The Tower Portfolio represented substantially all of the assets and operations in Shentel’s previously reported Tower Reporting Segment and the Tower Transaction represented a strategic shift in the Company’s business. Consequently, the Tower Portfolio has been reclassified as a discontinued operation. For all periods presented, the assets and liabilities that transferred in the Tower Transaction (the “disposal group”) are presented as held for sale in our unaudited condensed consolidated balance sheets, and operating results and cash flows related to the Tower Portfolio were reflected as a discontinued operations in our unaudited condensed consolidated statements of comprehensive income and unaudited condensed consolidated statements of cash flows.

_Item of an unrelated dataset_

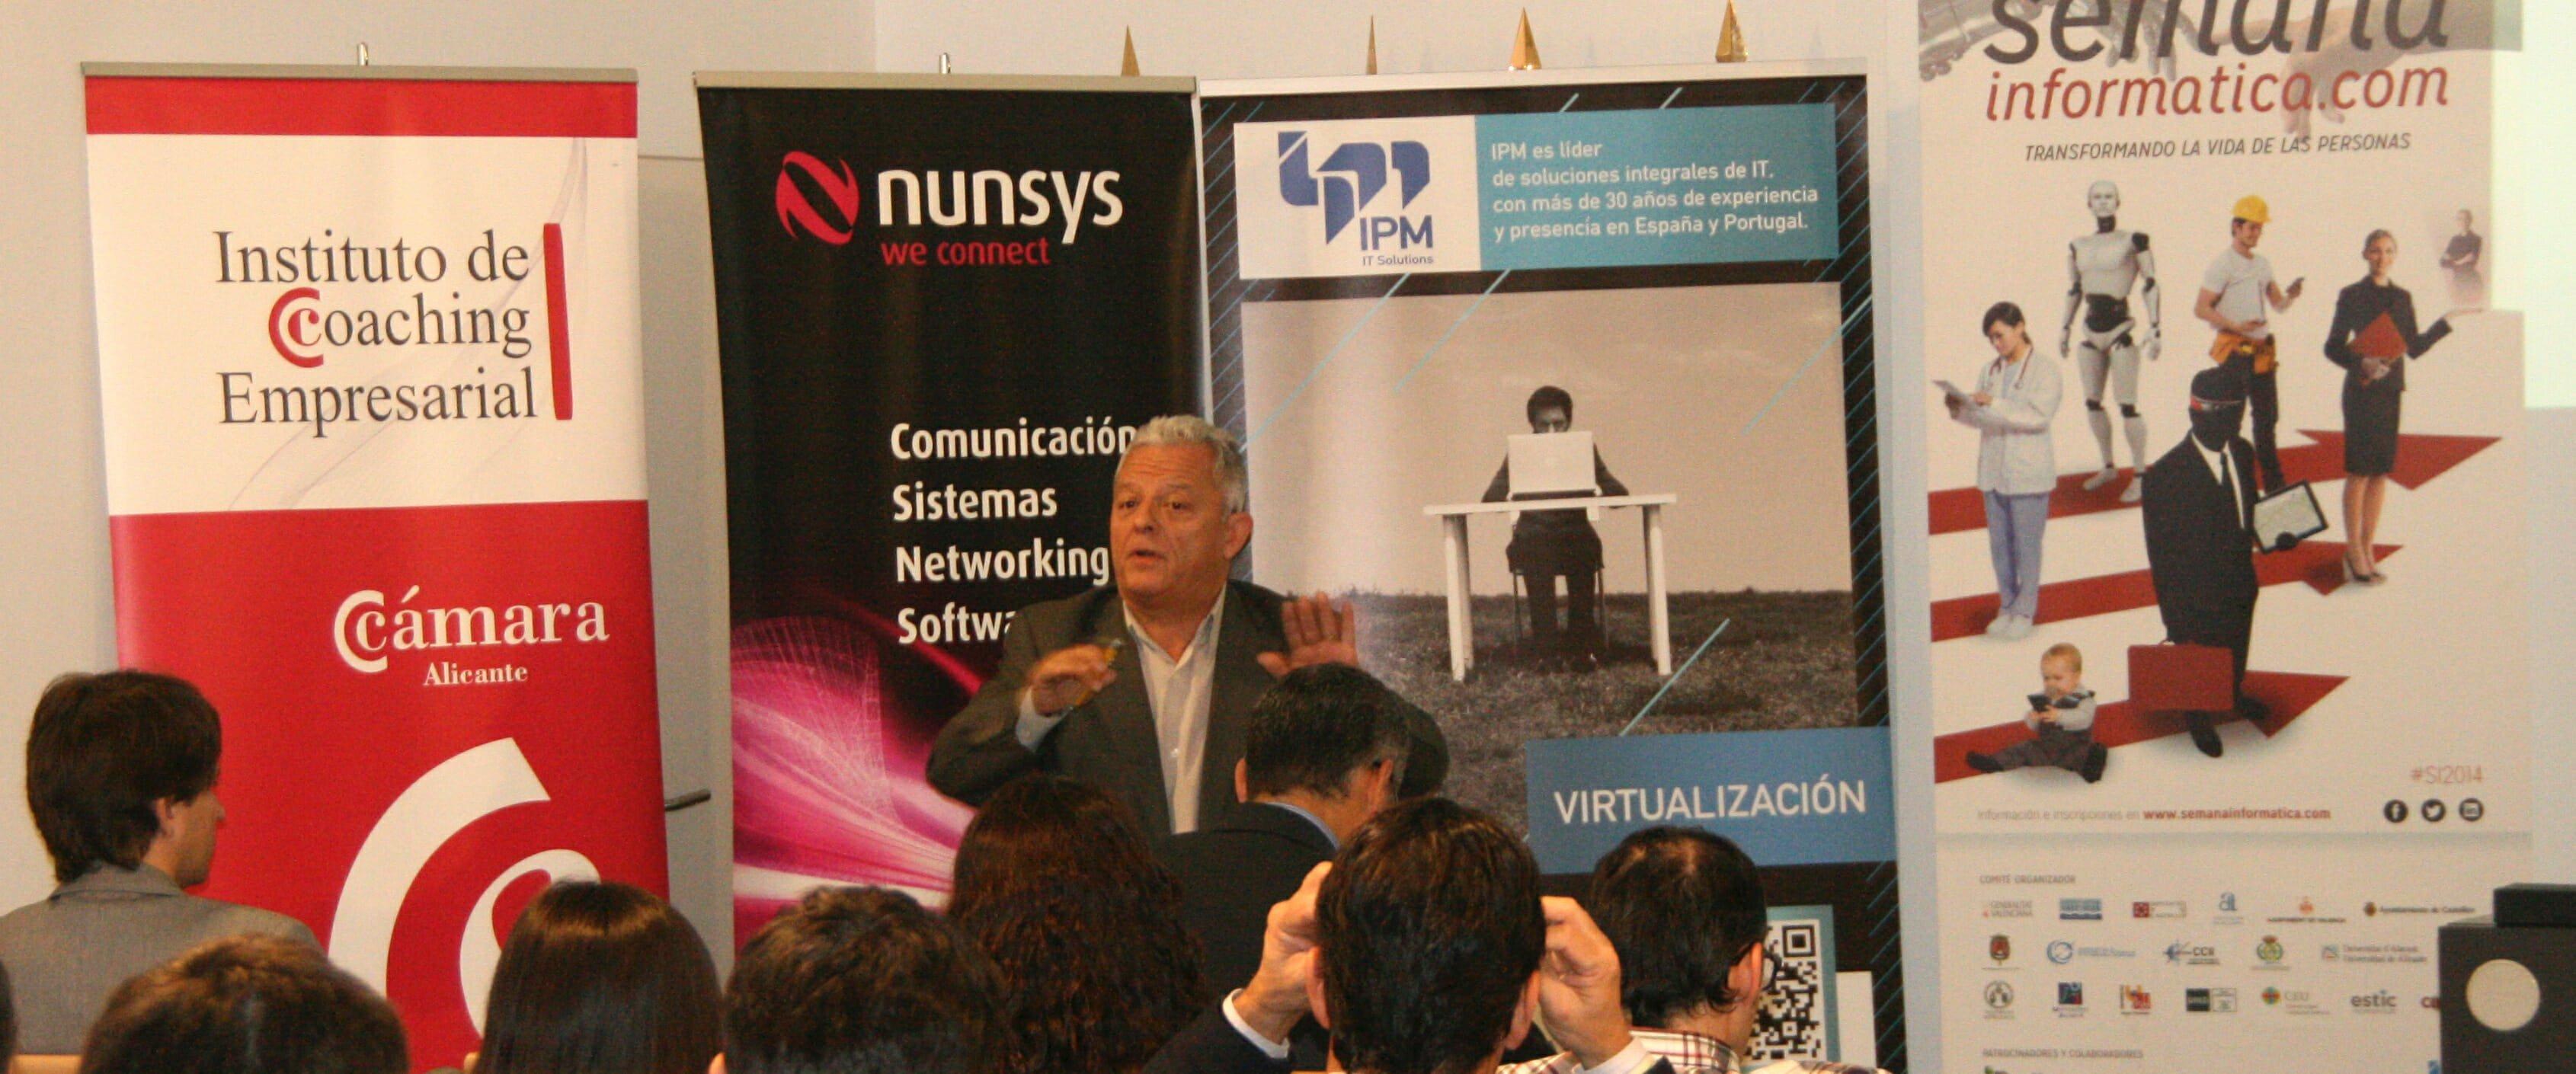 Josep Verdura en semana informática 2014
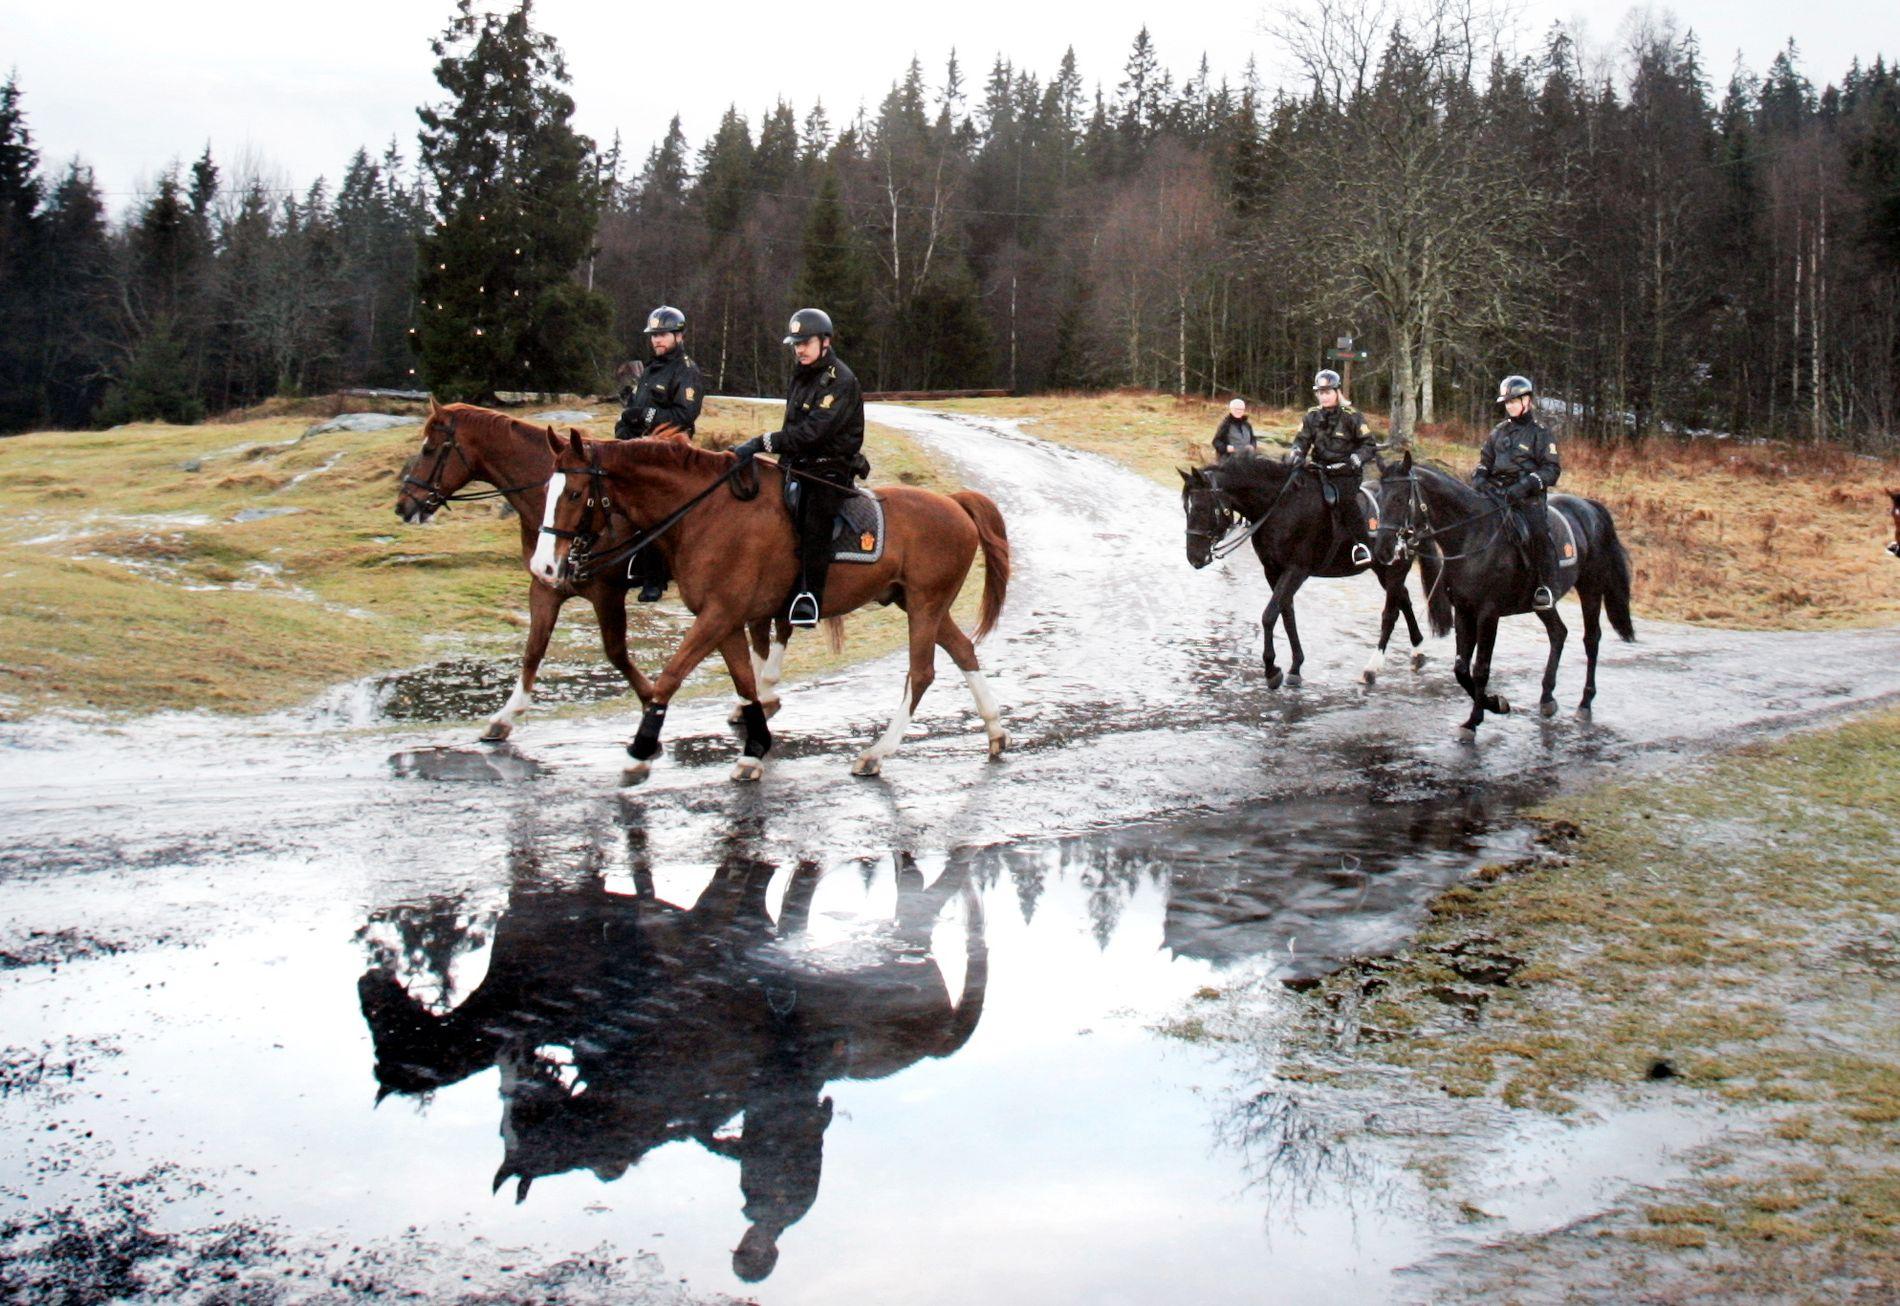 VINTER ELLER IKKE VINTER: Det spøker for gode gamle vintre i lavlandet i sørlige del av Norge. Her er politi til hest i januar utenfor Ullevålseter i Oslo – på barmark.

Refer to Note 14, Discontinued Operations for more information regarding the presentation of the disposal group in the Company’s financial statements.

As a result of the sale of the Tower Portfolio, the Company has one reportable segment. Consequently, segment reporting previously disclosed is no longer applicable.
Adoption of New Accounting Standards
Adoption of New Accounting Standards

There have been no material developments related to recently issued accounting standards, including the expected dates of adoption and estimated effects on the Company’s unaudited condensed consolidated financial statements and note disclosures
from those disclosed in the Company’s Annual Report on Form 10-K for its fiscal year ended December 31, 2023, that would be expected to impact the Company.
Investments
SERP investments at fair value: The fair value of the SERP investments are based on unadjusted quoted prices in active markets and are classified as Level 1 of the fair value hierarchy.
Cost method investments: Shentel’s investment in CoBank’s Class A common stock, derived from the CoBank patronage program, represented substantially all of the Company’s cost method investments with a balance of $10.1 million at both March 31, 2024 and December 31, 2023. We recognized approximately $0.3 million and $0.1 million of patronage income in other income for the three months ended March 31, 2024 and 2023, respectively. The Company expects that approximately 88% of the patronage distributions will be collected in cash and 12% in equity in 2024.